*** Block opens ***
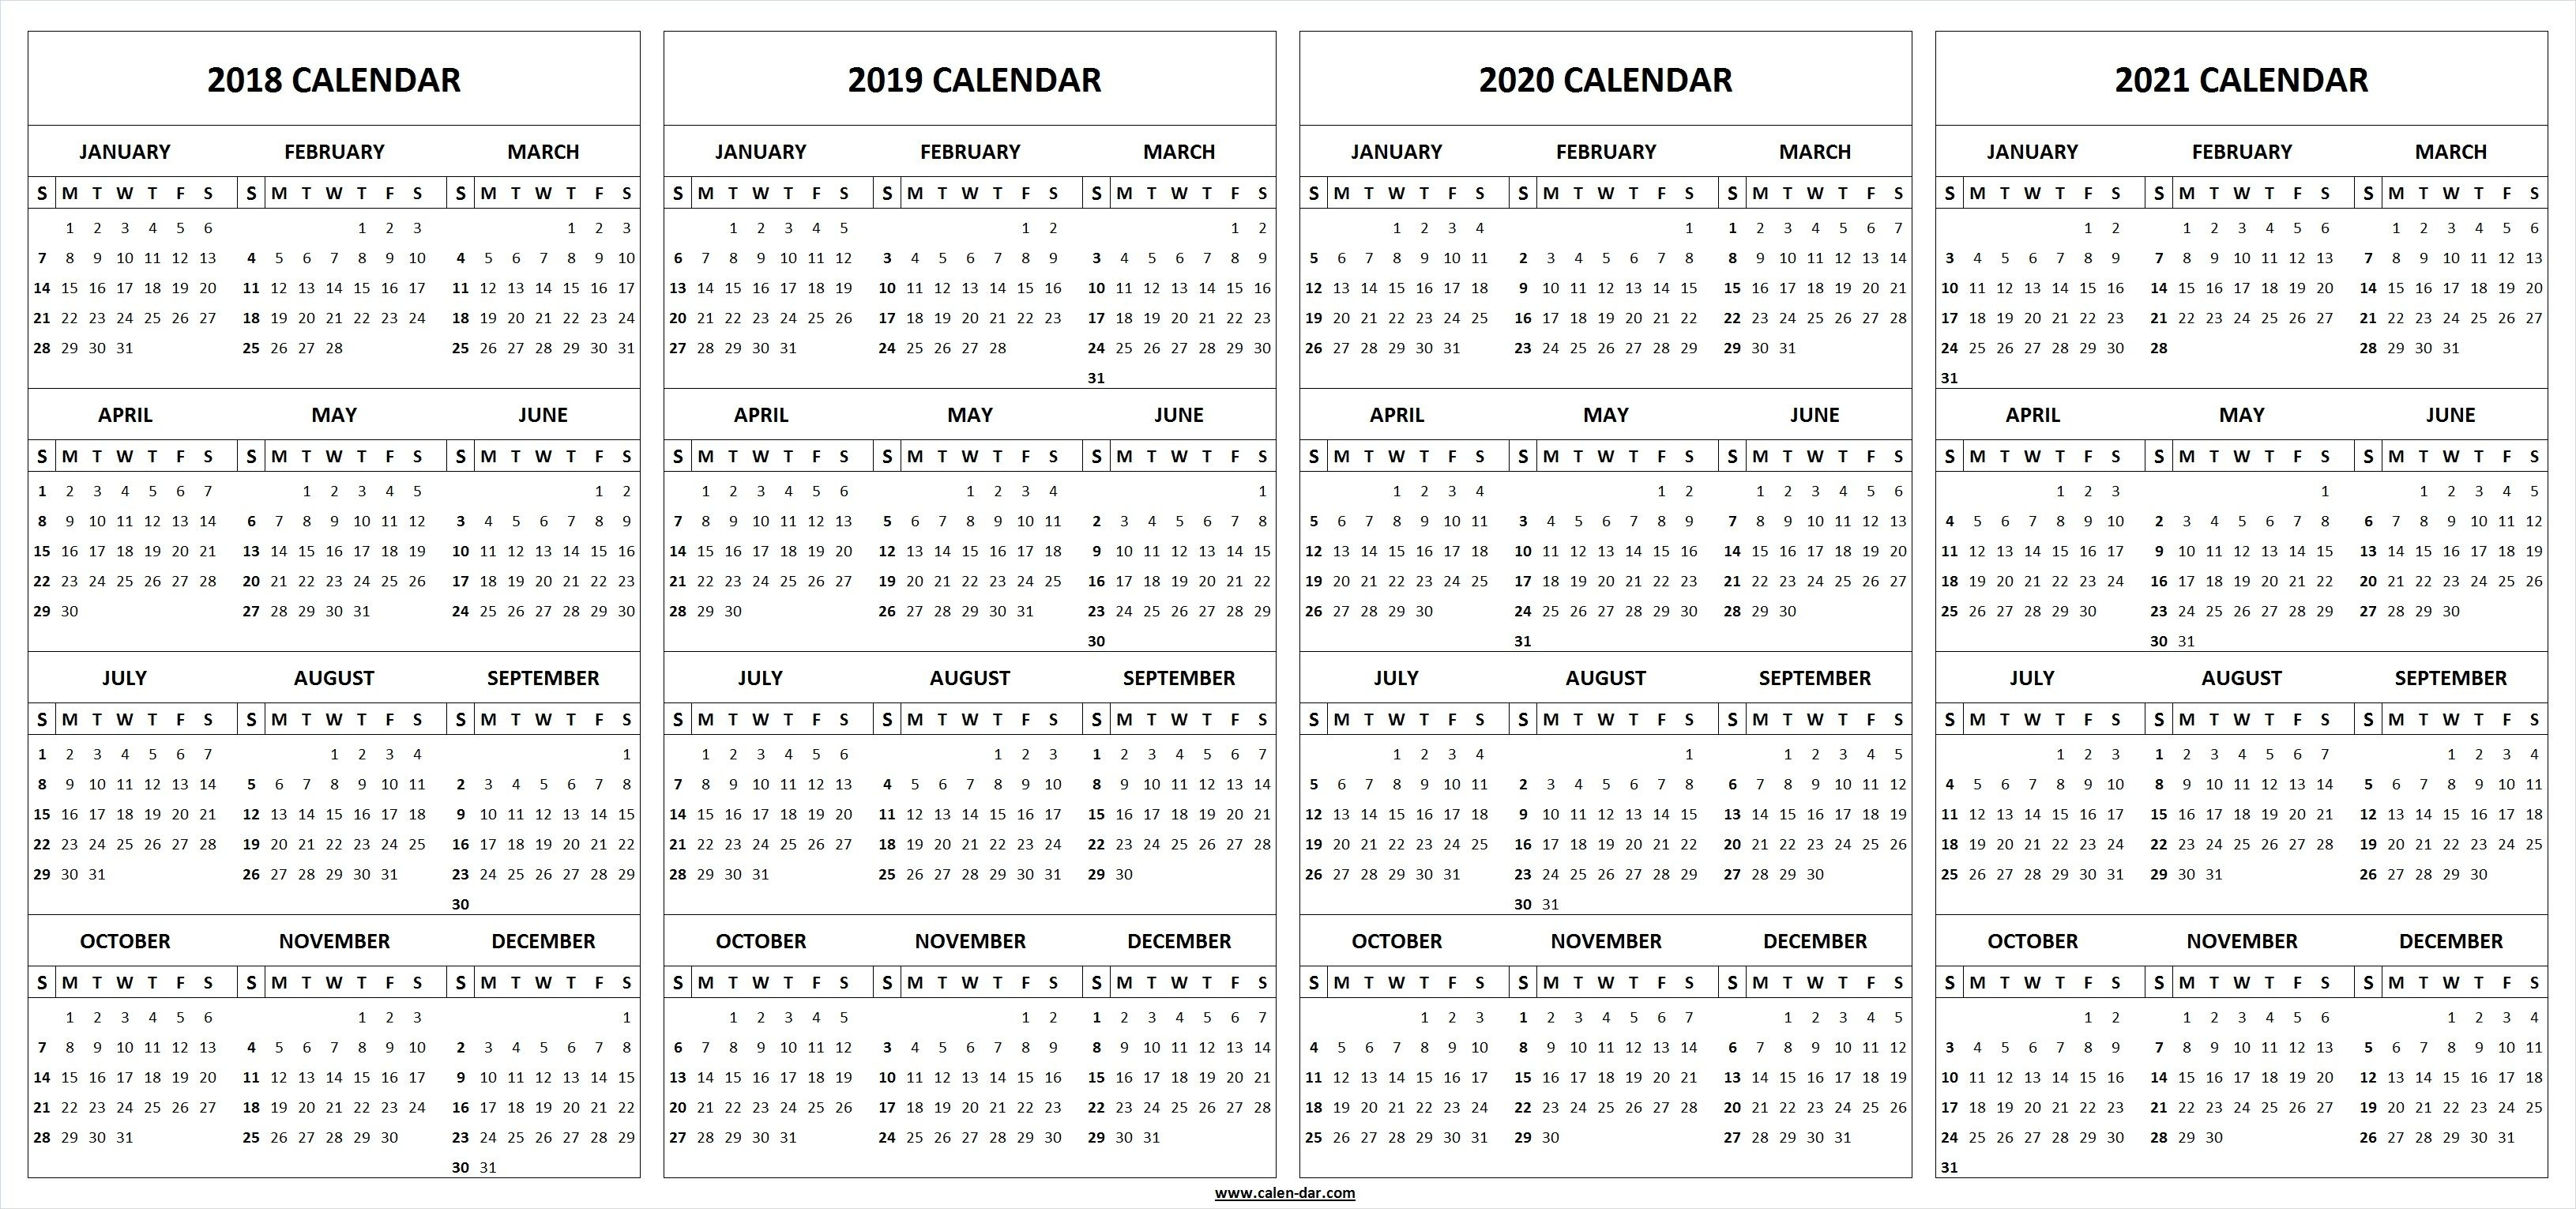 4 Four Year 2018 2019 2020 2021 Calendar Printable Template throughout 3 Year Calendar 2019 2020 2021
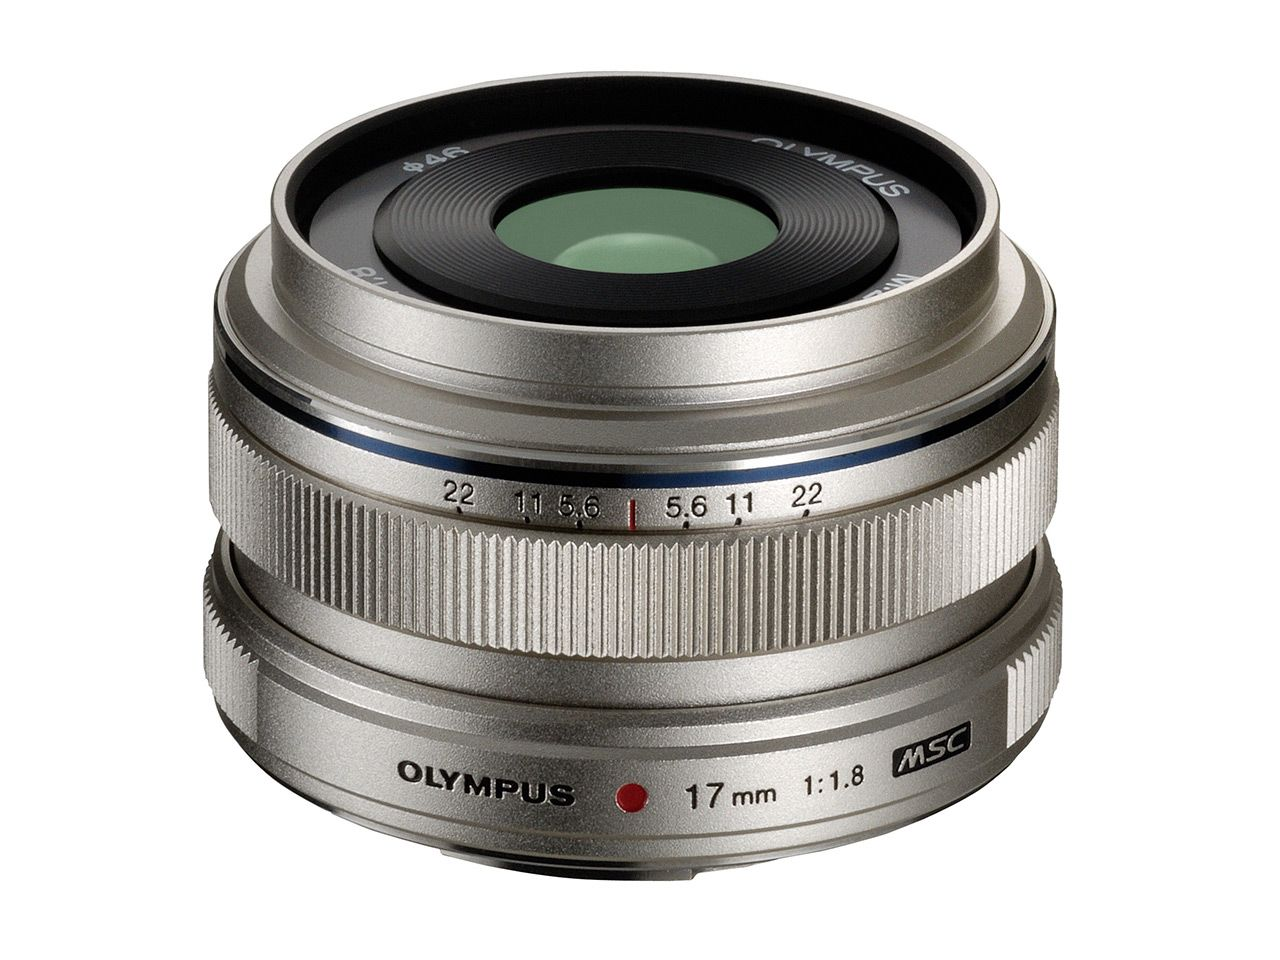 Olympus M.Zuiko Digital 17 mm f/1.8.Foto: Olympus
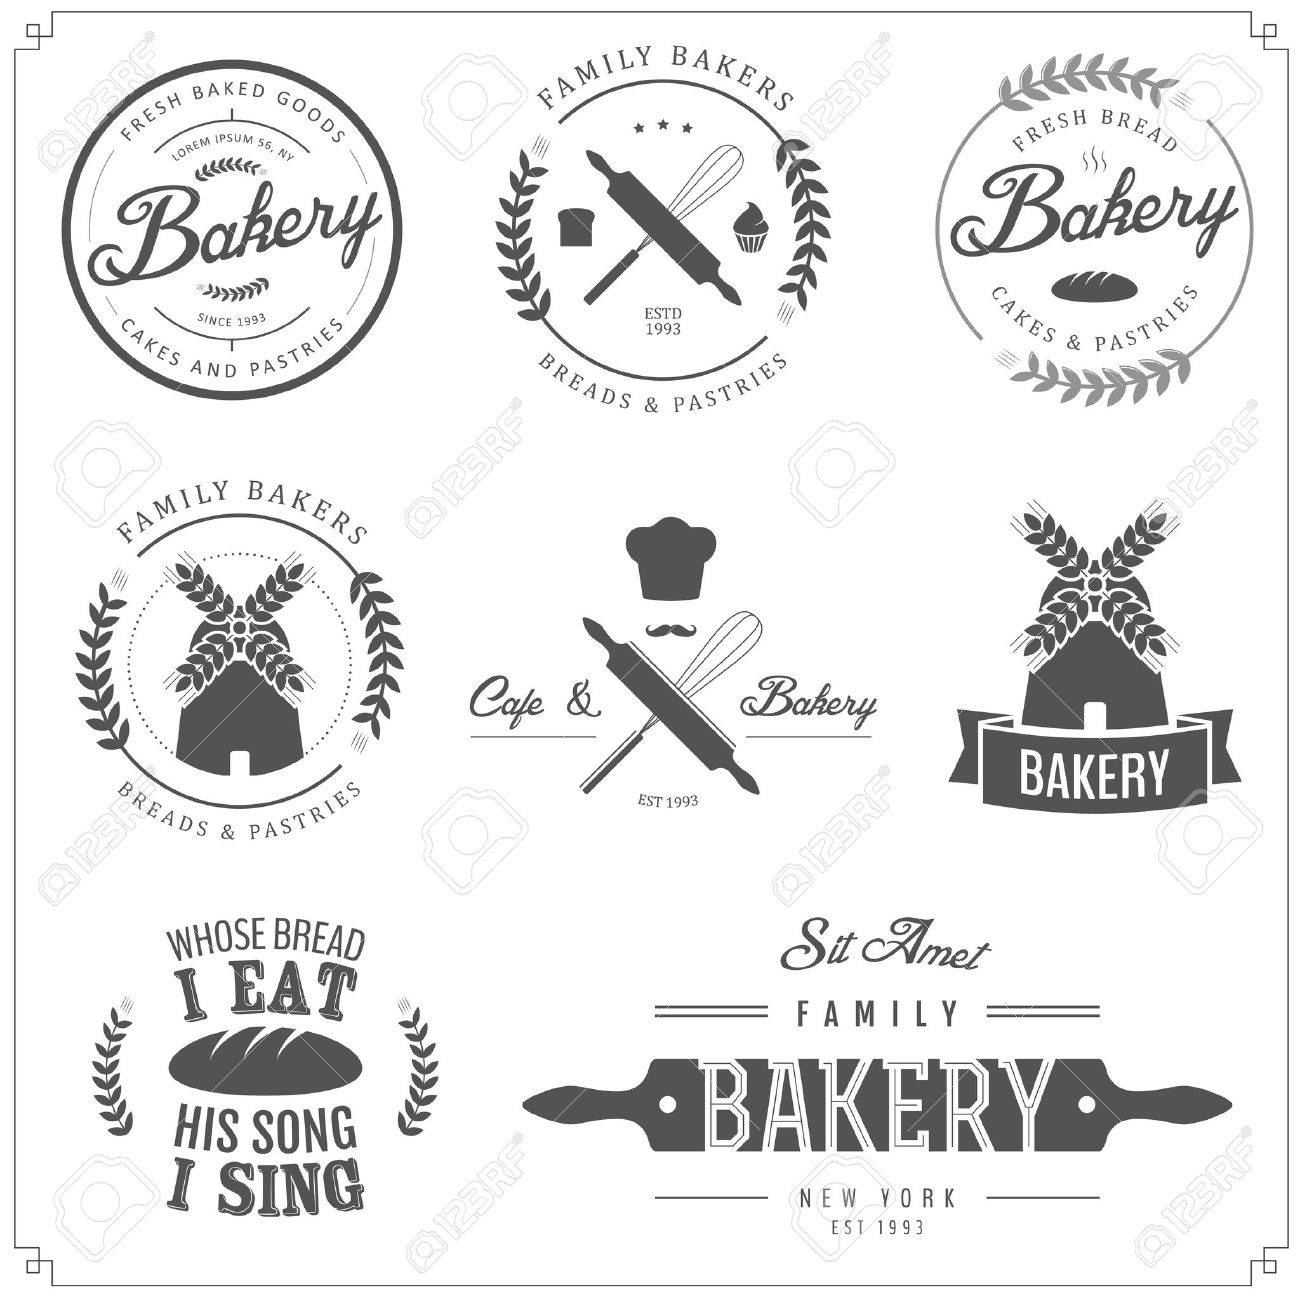 Set of bakery labels, badges and design elements - 18390365
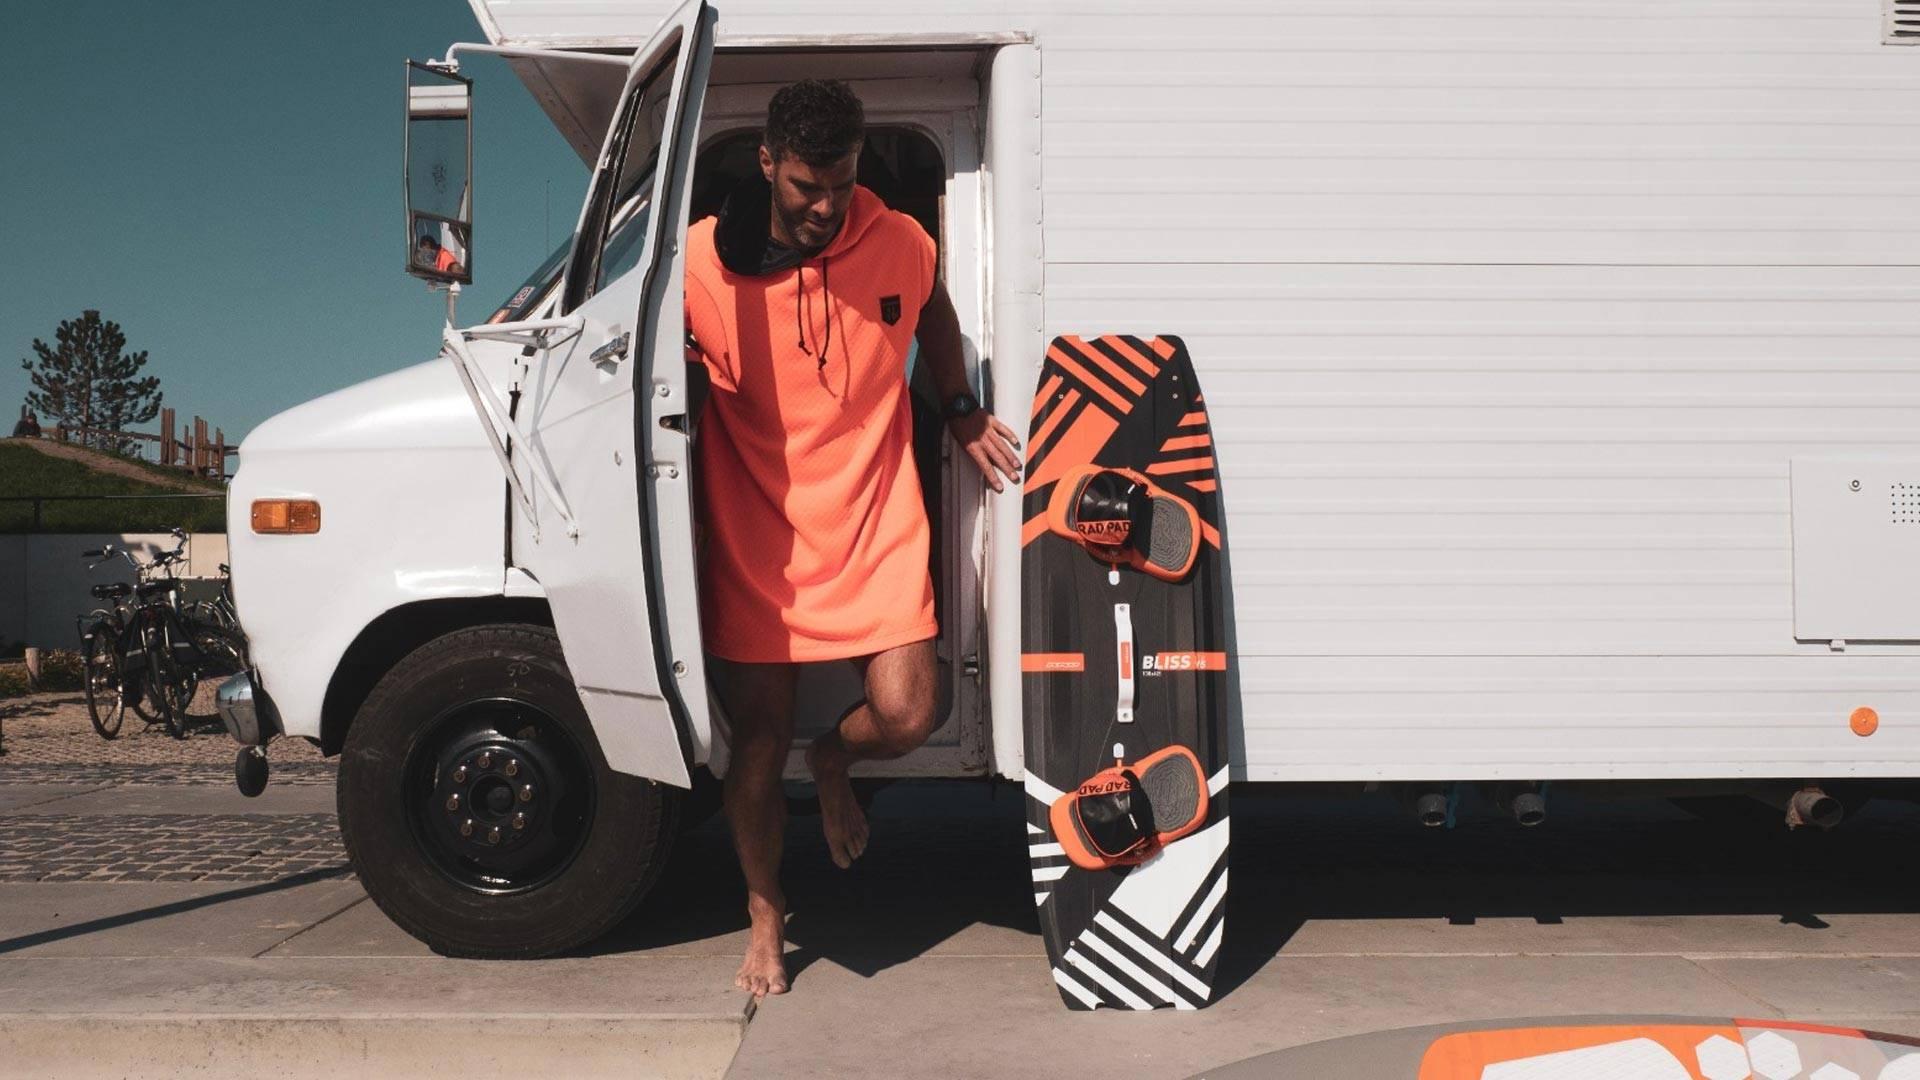 Premium Surf Poncho's by NTNK
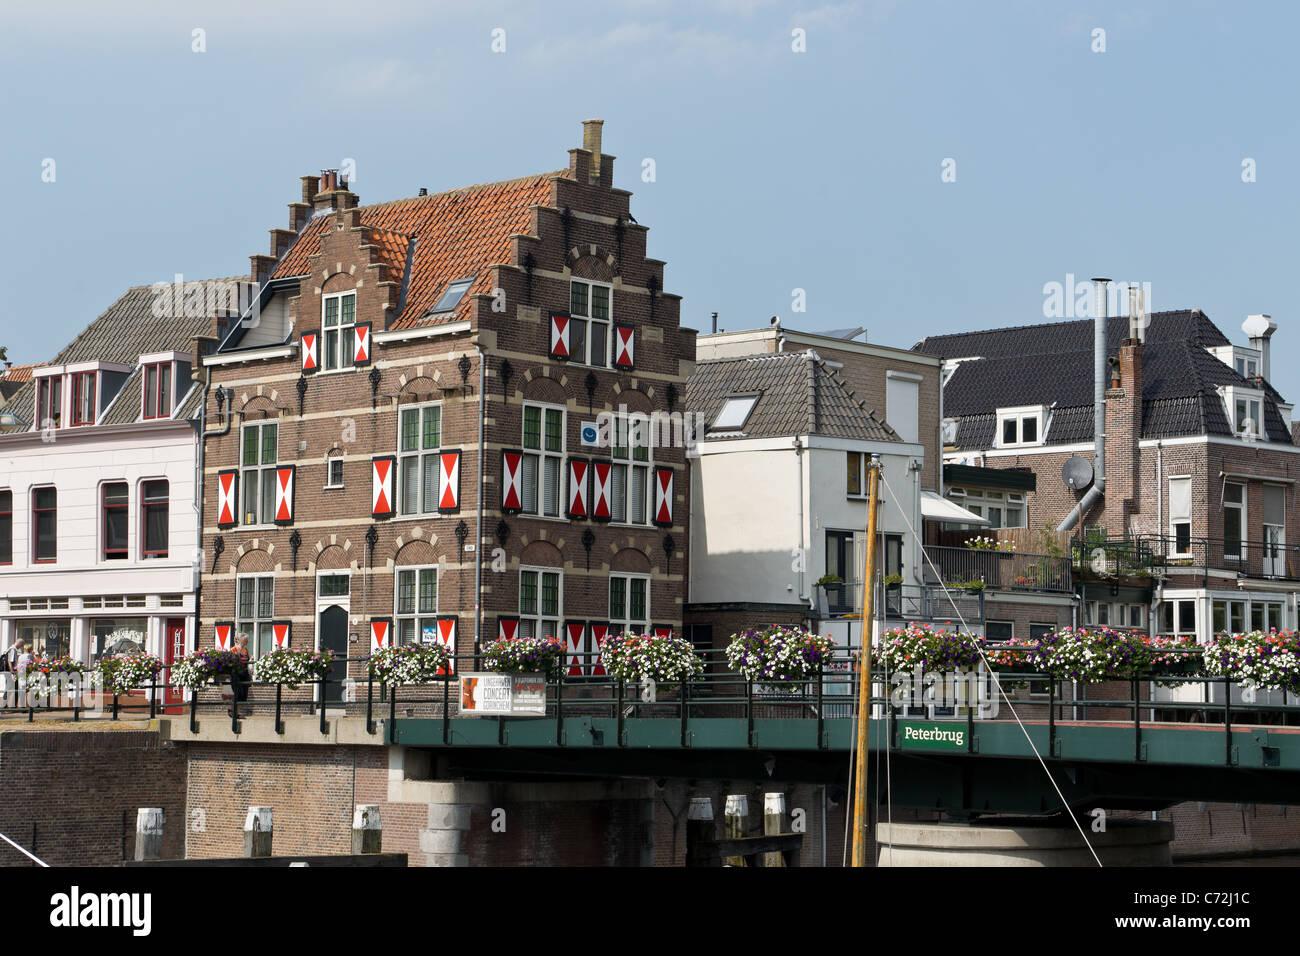 Bridge keeper house and the Peterbrug, Gorinchem, Holland. Stock Photo
*** Block closes ***
→ **Task brief**: Please transcribe all of the entries exactly and omit any picture they hold.

→ **Response to the task**:
 4 Four Year 2018 2019 2020 2021 Calendar Printable Template throughout 3 Year Calendar 2019 2020 2021
 Olympus M.Zuiko Digital 17 mm f/1.8.Foto: Olympus
 Set of bakery labels, badges and design elements - 18390365
 Premium Surf Poncho's by NTNK
 Bridge keeper house and the Peterbrug, Gorinchem, Holland. Stock Photo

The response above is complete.